Several of the nation’s top energy, environmental and economic consultants (Brattle, E3, Aspen Environmental Consultants, and the Berkeley Economic Advising and Research or BEAR) took part in the (“aka SB 350 studies”) process and presented their work across a number of issue areas the California Legislature requested: utility customers, environmental, environmental justice, and greenhouse gas reduction benefits.
Despite using conservative modeling assumptions, the study results show that expanding the independent system operator’s footprint produces enormous benefits for California in all the above categories.
The financial benefits for utility customers (and by extension throughout the economy) are staggering (ranging from a low of $55 million a year in 2020 to approximately $1.5 billion a year in 2030). If other entities beyond PacifiCorp—the first utility to propose expanding the footprint over a year ago join—the benefits go up dramatically: $258 million a year in 2020 for an expanded regional footprint (western interconnection’s 14-state region, excluding the federal power marketing administration’s Bonneville Power Administration and the Western Area Power Administration). All classes of benefits grow over time in an expanded electricity market operated by a single independent entity.
The environmental results show benefits from reduced land use impacts, air pollution, and water consumption in California, and while some land use impacts would be expected elsewhere in the West, similar benefits in reduced pollution and water use are expected across the region.
The BEAR analysis results for disadvantaged communities were also substantial. Much of this comes from lower energy costs freeing up capital for other job creation and economic activity in California. The BEAR presentation explained the effect as:
Demand funded by energy savings is a potent and pervasive source of long term, diverse job creation. These jobs are more likely to be for instate services that cannot be outsourced.
The studies presented have been the subject of a very transparent stakeholder-driven process that has seen great participation from all the affected stakeholder groups. The results presented during a marathon two-day workshop last week should have great influence with California lawmakers.
More details of the studies
Expanding the CAISO will create a six-state “day-ahead” electricity market in which utilities plan which power sources to use on a given day based on their forecasts of demand and weather. Utilities offer bids for power and compete with each other to see who can meet that day’s demand at the lowest cost. Lowest-cost resources are those that have the lowest fuel and operating and maintenance expenses. This overwhelmingly favors renewable power, the fuel for which is free. Regional markets help integrate renewable energy resources into the electricity mix at least cost, as we have written about previously, and they have the added benefit of encouraging the retirement of conventional fossil fuel power plants that cannot compete with renewables due to higher fuel and operating costs.
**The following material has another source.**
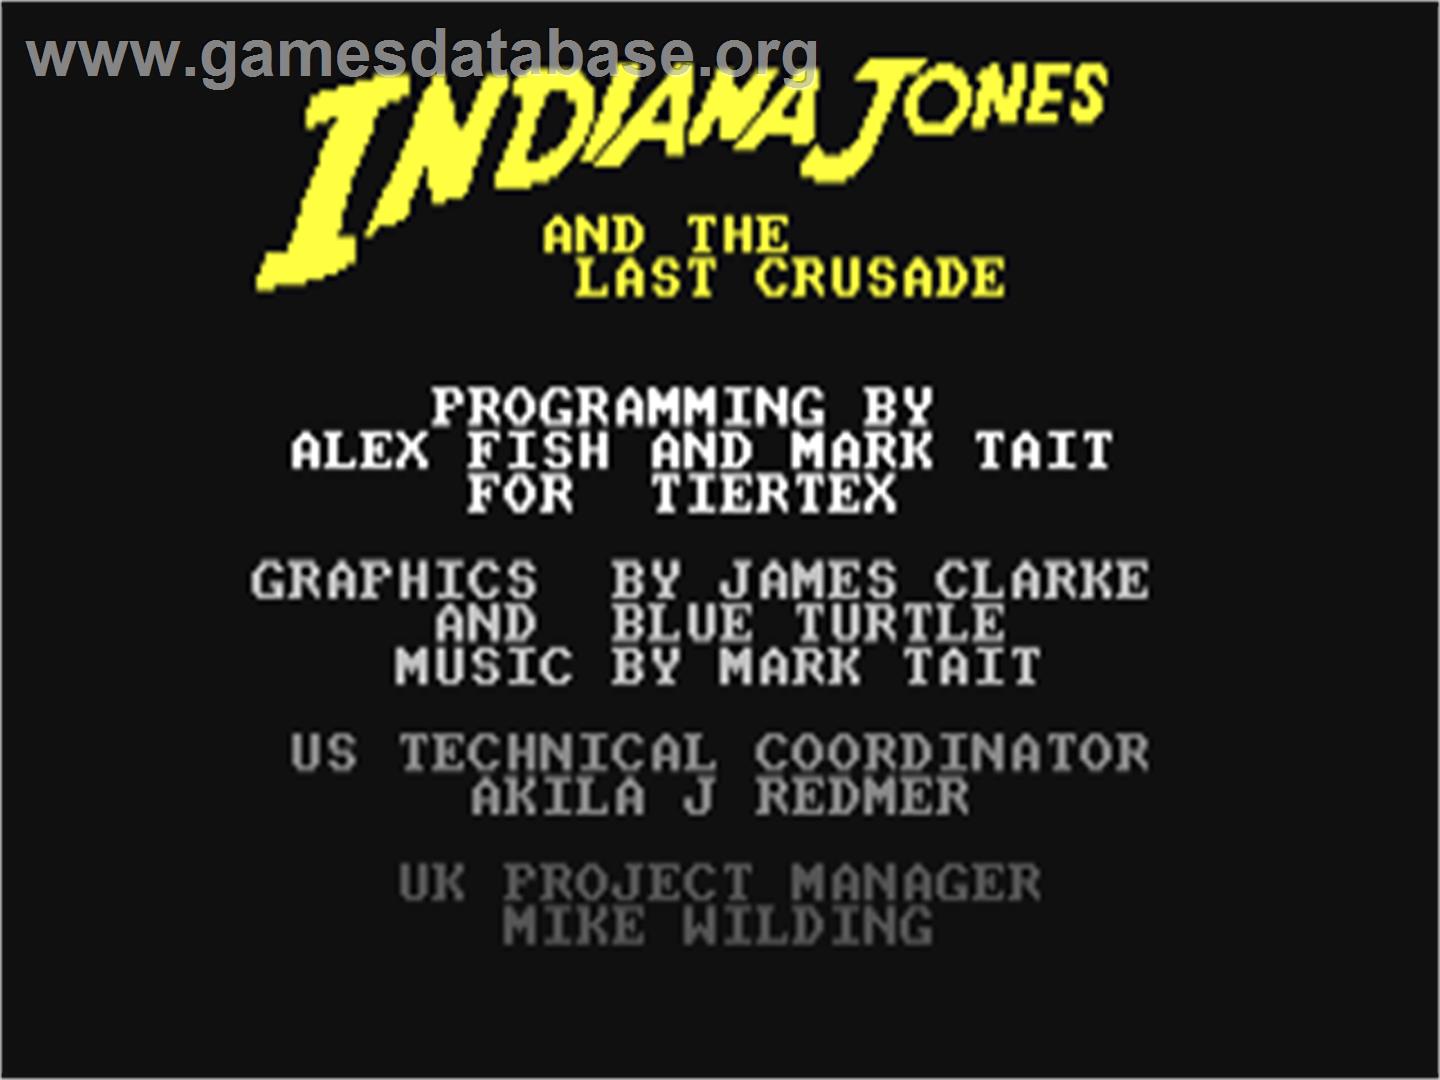 Indiana Jones and the Last Crusade: The Action Game - Commodore 64 - Artwork - Title Screen

The consultants last week noted a range of benefits they did not quantify in the studies but which have considerable value to California. Most of these are in the area of system operational efficiencies. (I will address these in more detail in my next blog.)
Some examples: The centralized control of the grid expansion would provide (as opposed to the current and wastefully complex web of 38 entities running the electricity delivery system now) operating efficiencies that lower costs for new infrastructure, allow for the sharing of planning and flexibility reserves across the region, and lower the cost of renewable energy integration.
Because the least-cost energy available in that hour will be selected, renewable energy from all over the West will be likely to operate in hours they currently are not needed to meet of the energy demand in a local area. Gas plants will increasingly be used to support renewables, the studies show, instead of providing continuous power to the grid.
The studies show that many of the ISO expansion savings come from being able to use renewable energy California has already built (and is expected to build in the future) more efficiently, sending it to neighboring states when California has too much of it. California solar generation works so well that in many hours of the year it generates more power than the economy can absorb. This surplus power California would otherwise have to shut off to protect the grid.
The regional market gives value to this energy by making it available to utilities in neighboring states that could use it instead of operating their costlier and more polluting conventional coal or natural gas plants. This obviously has a significant carbon pollution reduction benefit. Every megawatt-hour of electricity of solar we would otherwise have had to shut off (or “curtail” in industry parlance) that we export displaces conventional fossil generation in a neighboring state’s balancing authority.